The law of mass conservation states that:
The total mass of all the atoms in the reactants should be equal to the total mass of all the atoms in the products; This law is valid or accurate only if the number of atoms of all types of elements on both sides is equal.
Types of chemical balancing methods:
• Trial and error method (direct inspection).
• Fractional method.
• Odd number-even number method.
When balancing a chemical equation keep the following points in mind.
1. Initially, the chemical equation should count the number of times an element appears on both sides of the skeleton equation.
2. The element with the lowest occurrences in both the reactant and product sides must be balanced first. The elements that appear two times, three times, and shortly in an increasing order must all be balanced.
3. When two or more elements appear the same number of times, the metallic element takes precedence over the non-metallic element in balancing. Thus, if there are many metals or non-metals, the metal or non-metal with a higher atomic mass is balanced.
4. The number of reactants and products molecules is expressed as a coefficient.
5. Chemical equation should not change the product formula to make the elements identical.
6. Fractional method of balancing must be employed only for a molecule of an element ($$H_2$$, $$O_3$$, $$P_4$$, ..) not for compound ( $$(H_2O$$, $$NH_3$$,..)
Let's now balance the equation for the hydrogen-oxygen reaction, which produces water.
Example:
Step 1: Write the word equation.
Hydrogen  +  Oxygen  $\to$  Water

Step 2: Write the skeleton equation.
${H}_{2}\phantom{\rule{0.147em}{0ex}}+\phantom{\rule{0.147em}{0ex}}{O}_{2}\phantom{\rule{0.147em}{0ex}}\to {\phantom{\rule{0.147em}{0ex}}H}_{2}O$

Step 3: Choose the first element to balance based on the number of times an element appears on both sides of the skeleton equation.

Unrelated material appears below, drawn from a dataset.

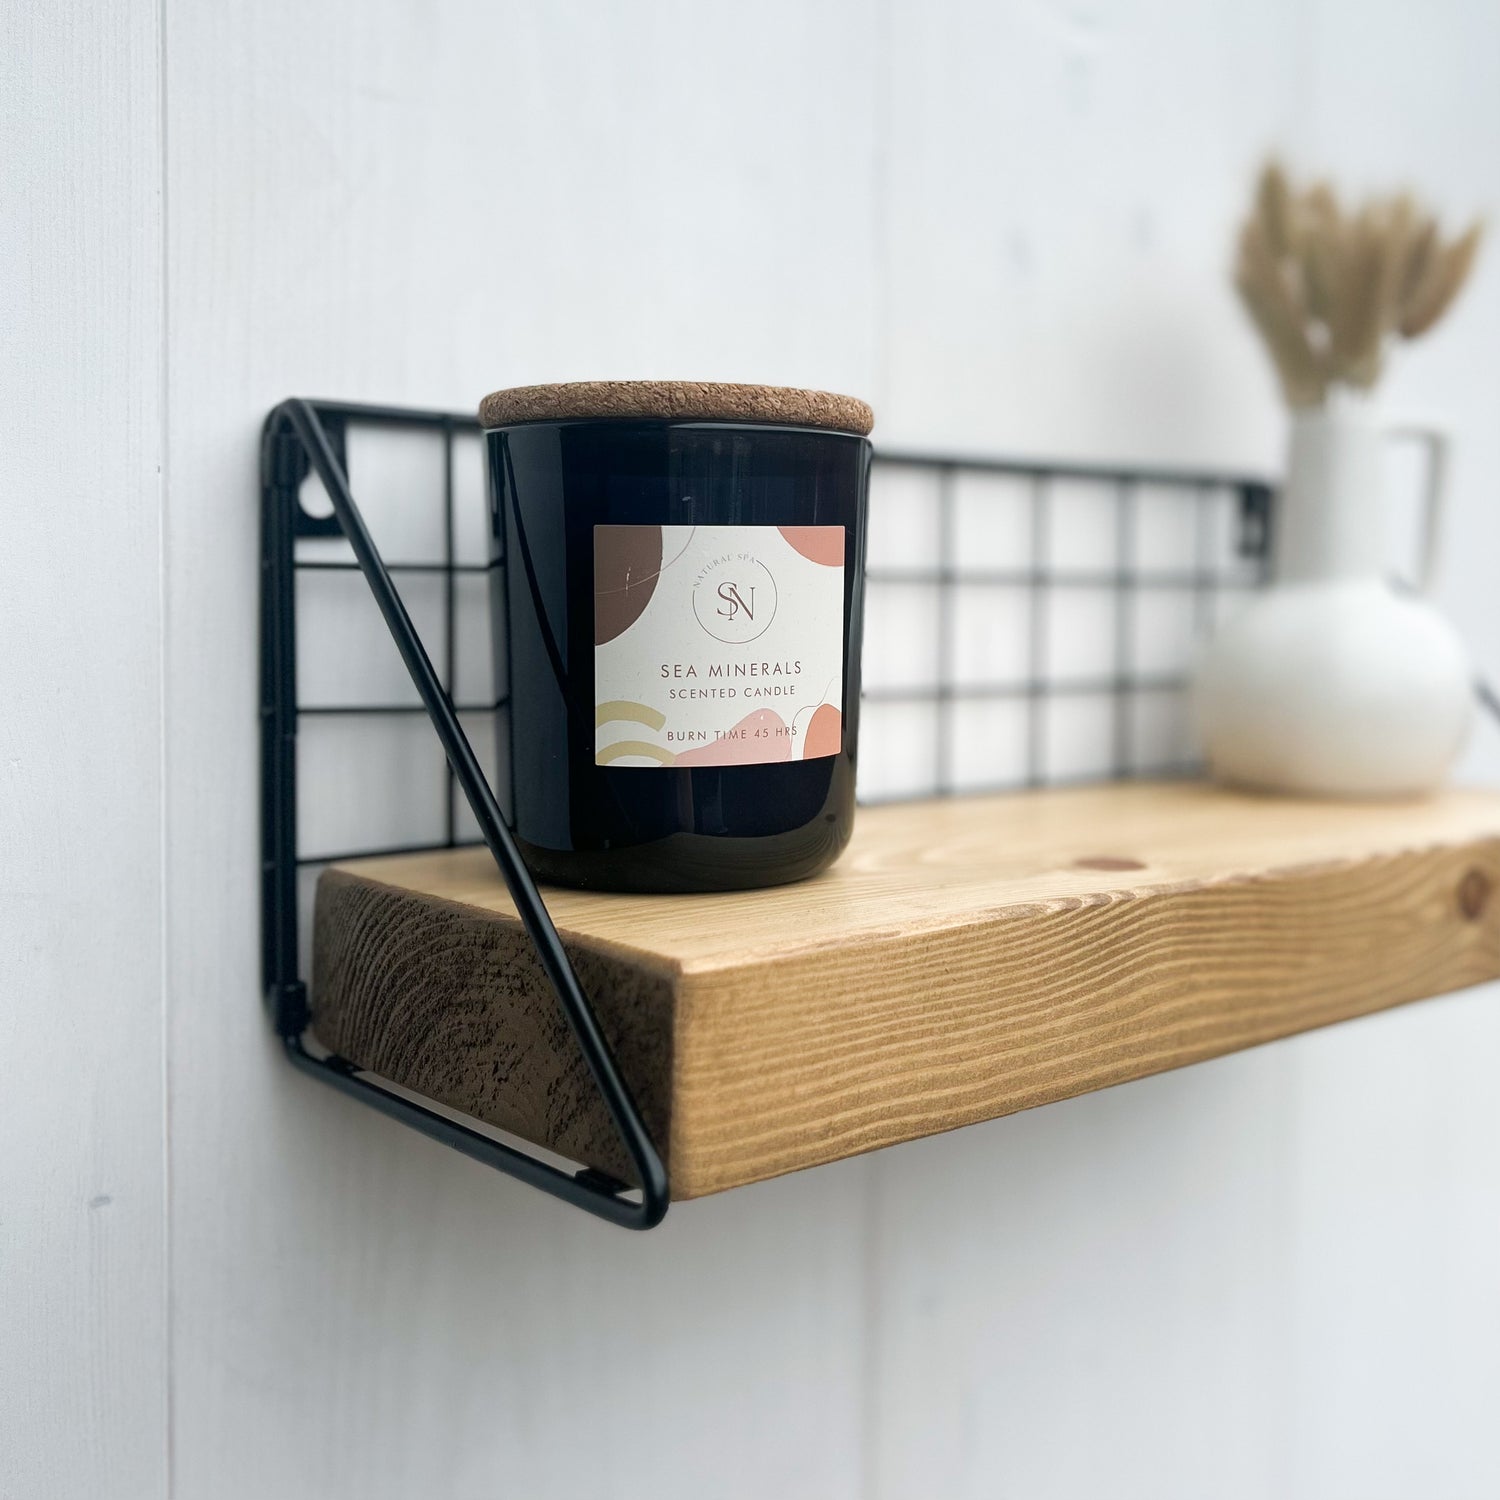 Rustic Wooden Mesh Wall Decor Shelf handcrafted in the UK  Masterplank UK   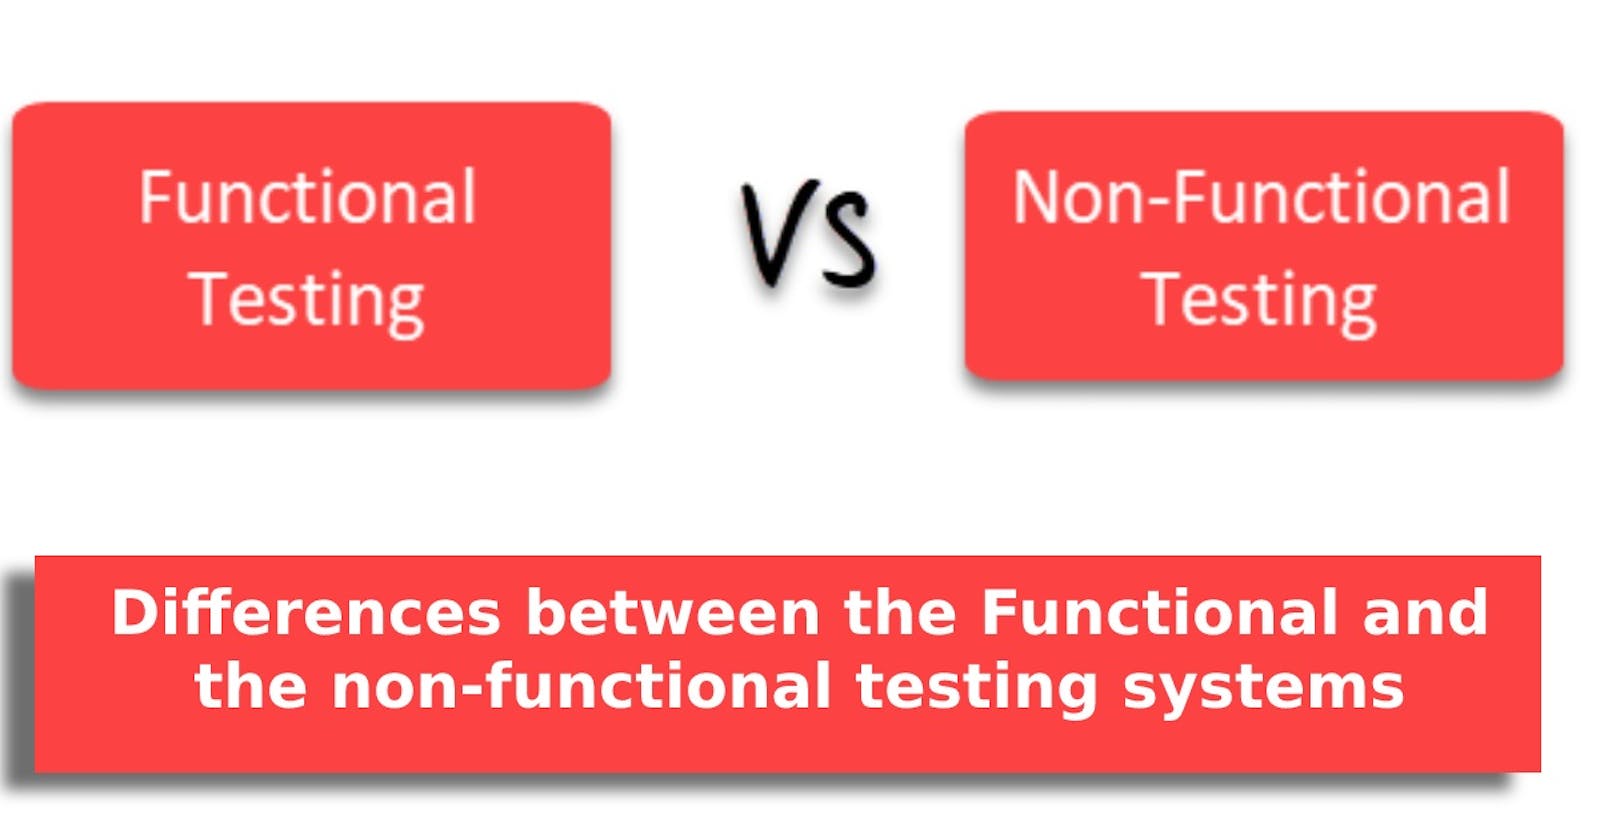 What are the most important differences between the functional and the non-functional testing systems?

Step 4: Both elements appear only once in the above case, so the priority is oxygen because it has a greater atomic mass.

Step 5: To balance oxygen, enter $$2$$ before $$H_2O$$ on the right-hand side (RHS).
${H}_{2}\phantom{\rule{0.147em}{0ex}}+\phantom{\rule{0.147em}{0ex}}{O}_{2}\phantom{\rule{0.147em}{0ex}}\to {\phantom{\rule{0.147em}{0ex}}\mathit{2H}}_{2}O$

Step 6: To balance hydrogen, enter $$2$$ near hydrogen $$H_2$$ on the left-hand side (LHS).
${\mathit{2H}}_{2}\phantom{\rule{0.147em}{0ex}}+\phantom{\rule{0.147em}{0ex}}{O}_{2}\phantom{\rule{0.147em}{0ex}}\to {\phantom{\rule{0.147em}{0ex}}\mathit{2H}}_{2}O$
(H= 4  O = 2) (H= 4  O =2)

Now in the above equation, both sides of hydrogen atoms is four and oxygen atoms is two. Hence, the chemical equation is balanced.